In Vivo Assembly of Artificial Metalloenzymes and Application in Whole‐Cell Biocatalysis

We report the supramolecular assembly of artificial metalloenzymes (ArMs), based on the Lactococcal multidrug resistance regulator (LmrR) and an exogeneous copper(II)–phenanthroline complex, in the cytoplasm of E. coli cells. A combination of catalysis, cell‐fractionation, and inhibitor experiments, supplemented with in‐cell solid‐state NMR spectroscopy, confirmed the in‐cell assembly. The ArM‐containing whole cells were active in the catalysis of the enantioselective Friedel–Crafts alkylation of indoles and the Diels–Alder reaction of azachalcone with cyclopentadiene. Directed evolution resulted in two different improved mutants for both reactions, LmrR_A92E_M8D and LmrR_A92E_V15A, respectively.

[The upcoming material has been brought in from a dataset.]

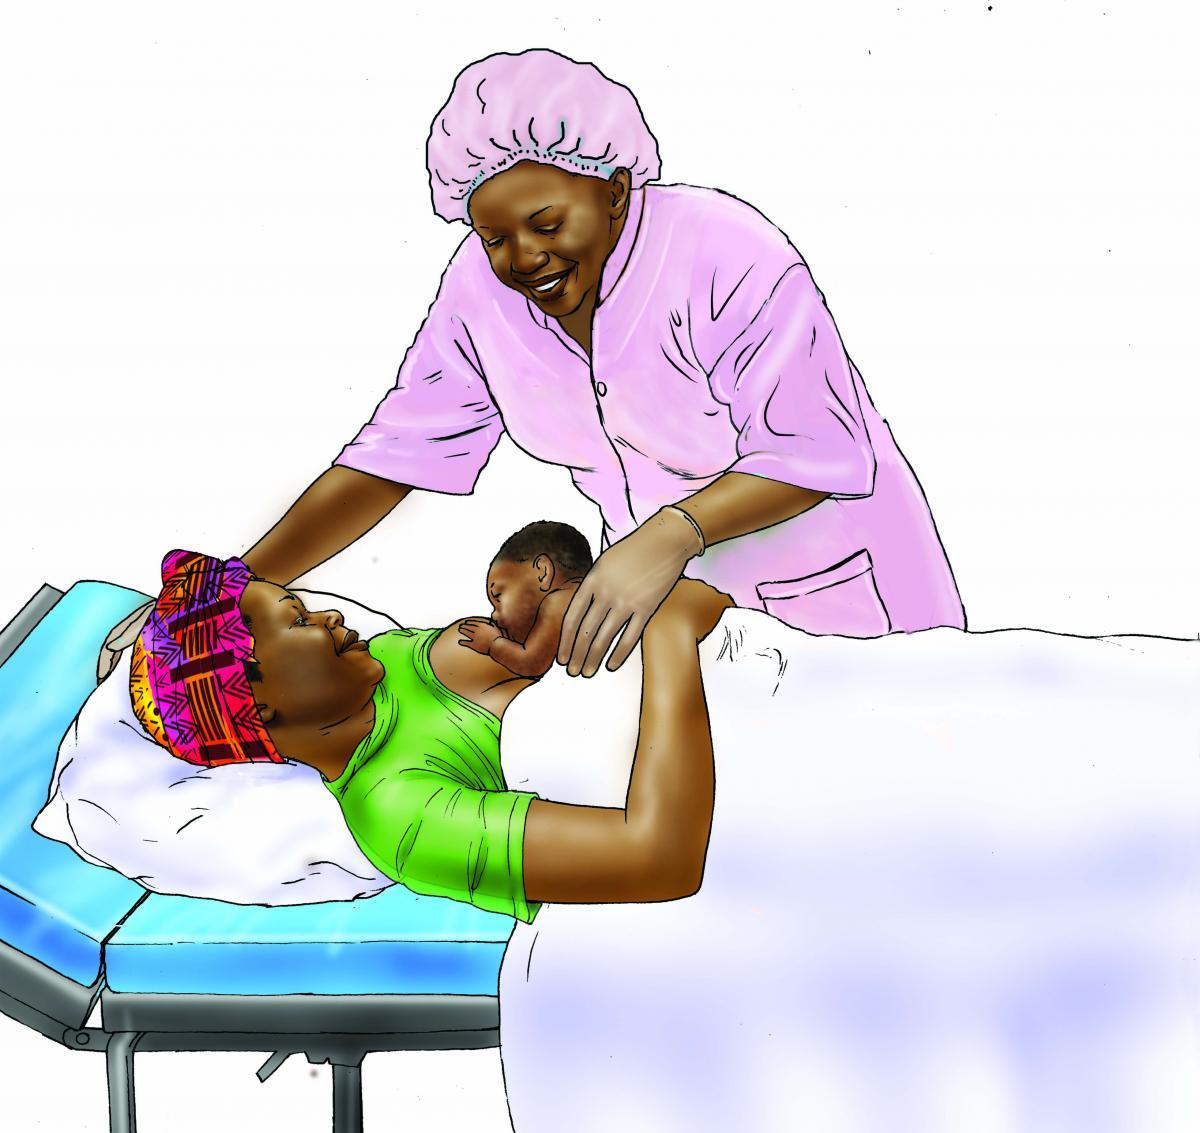 Breastfeeding - Early initiation of breastfeeding 0-6 mo - 01H - Senegal
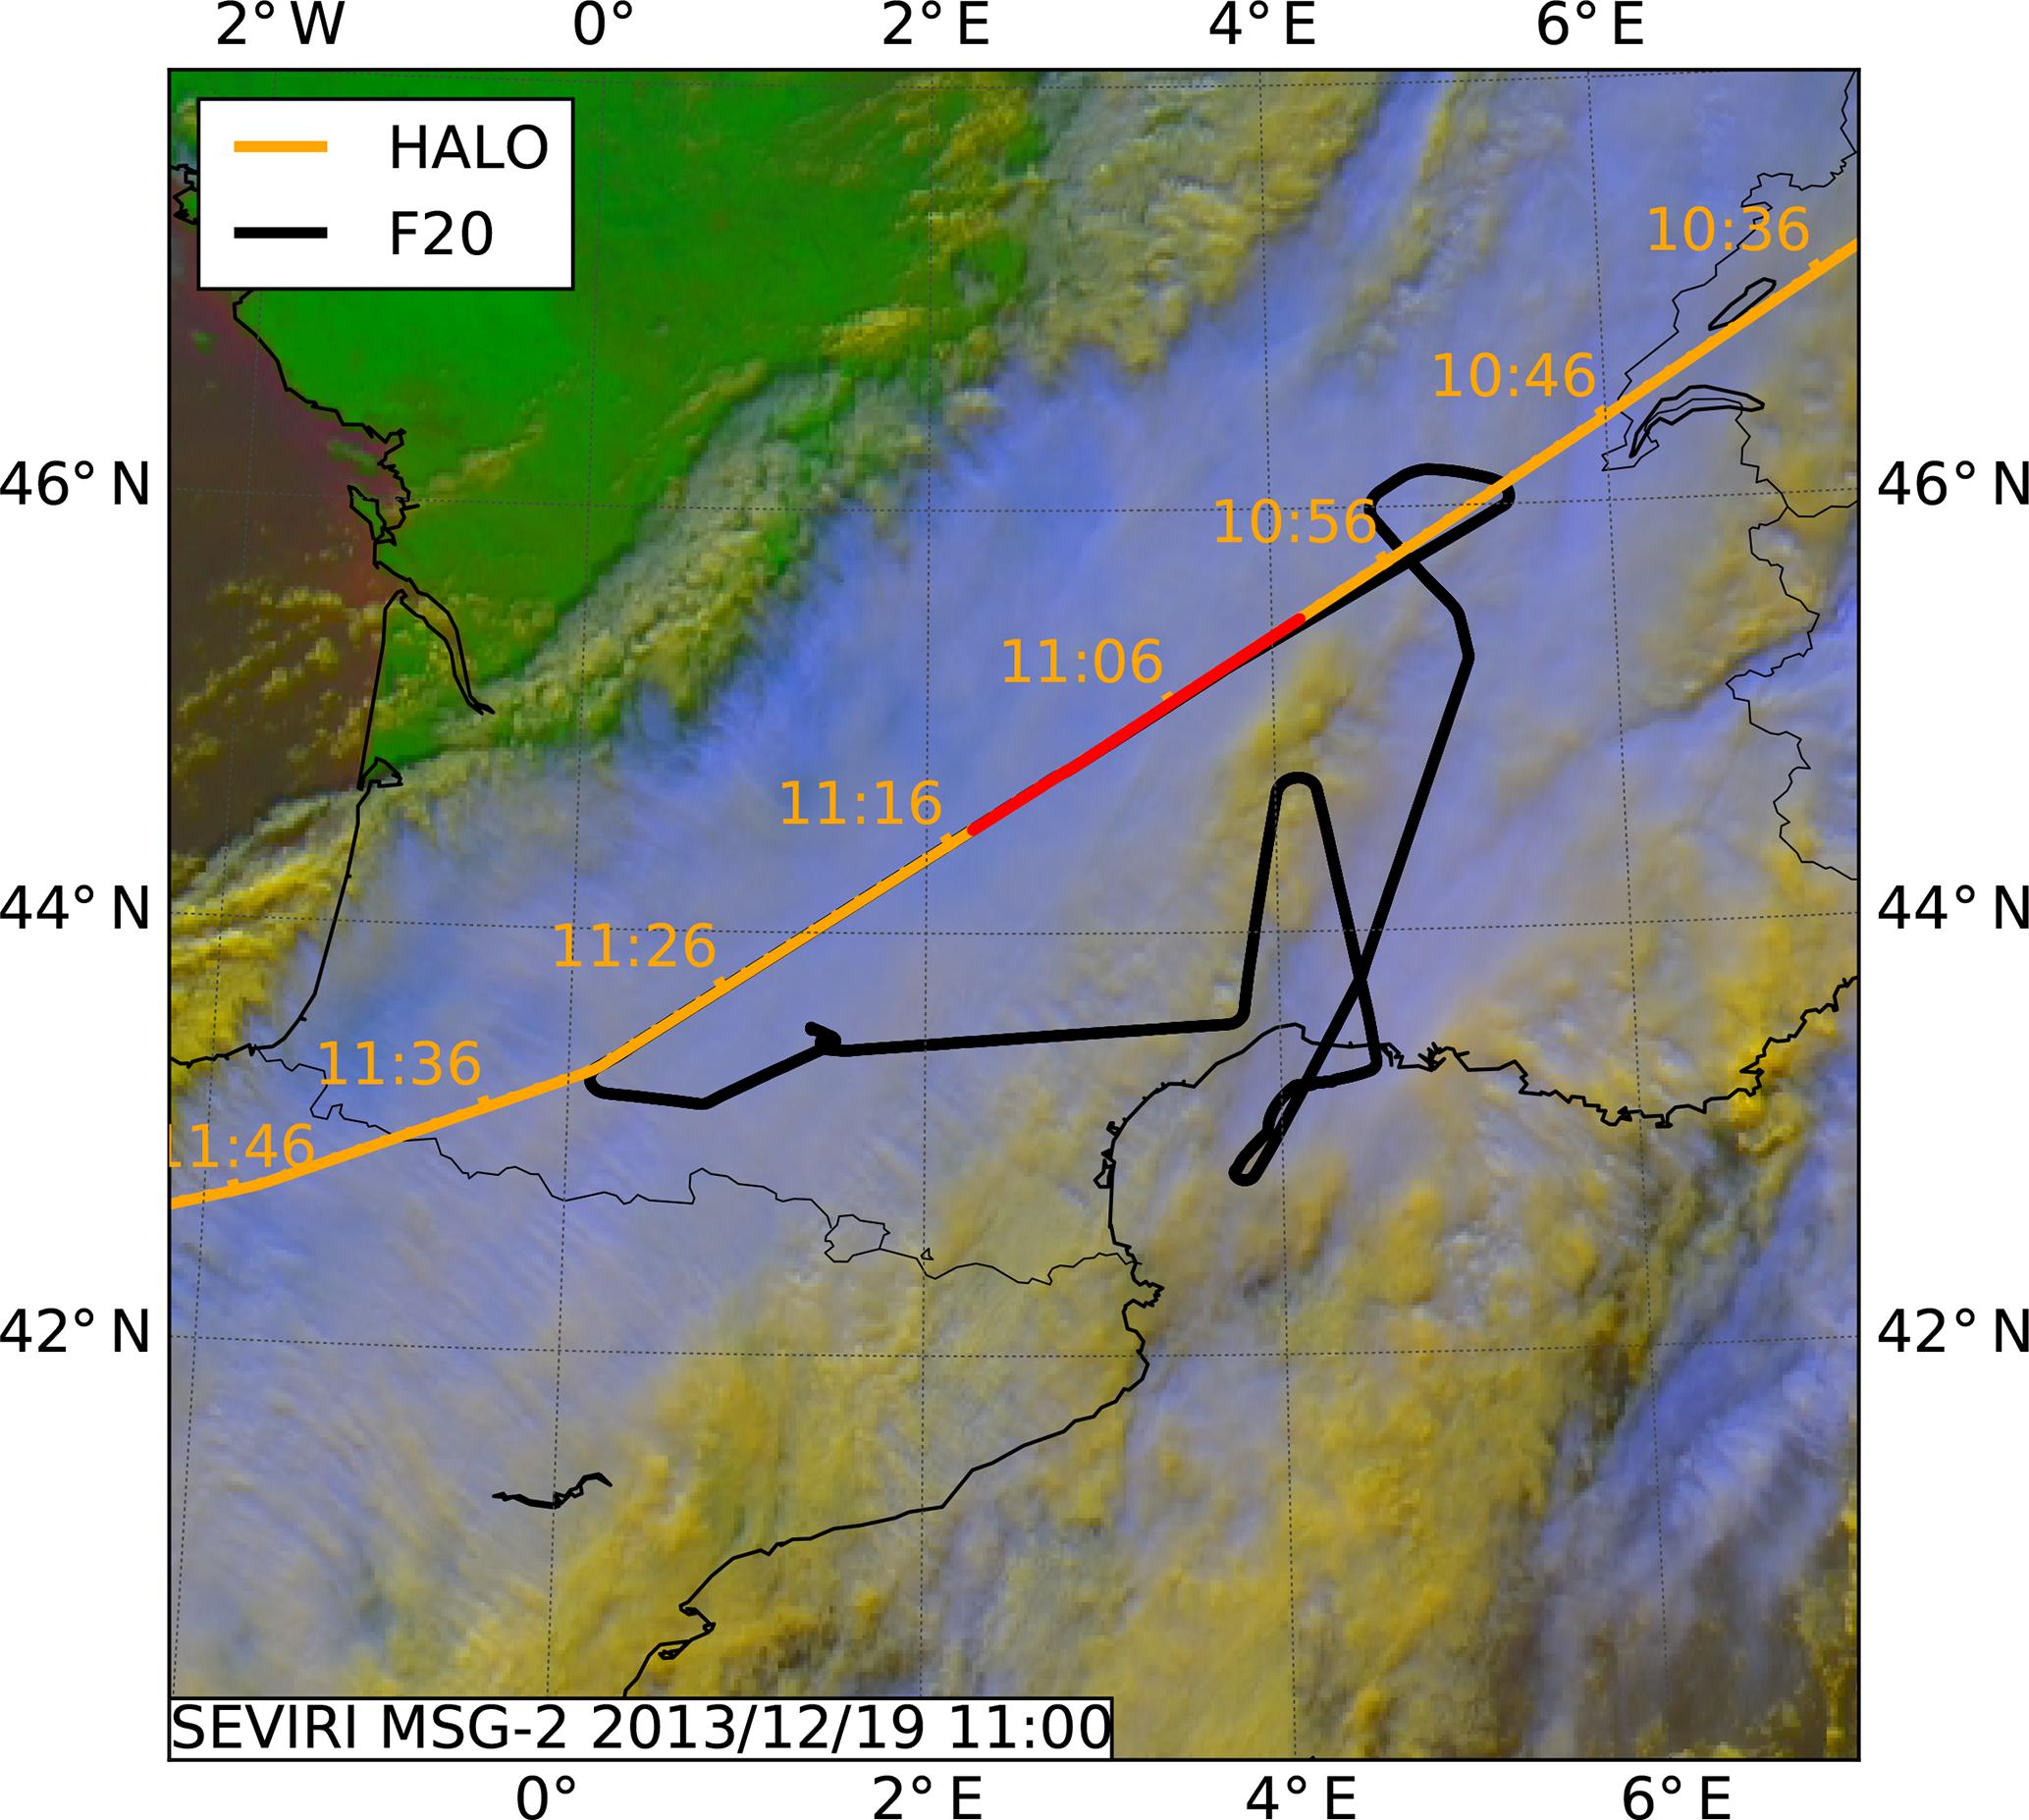 AMT - Calibration of a 35 GHz airborne cloud radar: lessons

The whole‐cell ArM system required no engineering of the microbial host, the protein scaffold, or the cofactor to achieve ArM assembly and catalysis. We consider this a key step towards integrating abiological catalysis with biosynthesis to generate a hybrid metabolism. Artificial metalloenzymes were created by supramolecular assembly in the cytoplasm of E. coli cells. The cells were then applied to the enantioselective biocatalysis of a Friedel–Crafts alkylation of indoles (see picture) and a Diels–Alder reaction. Directed evolution of the artificial metalloenzymes inside the cells provided improved variants for both whole‐cell biocatalytic reactions.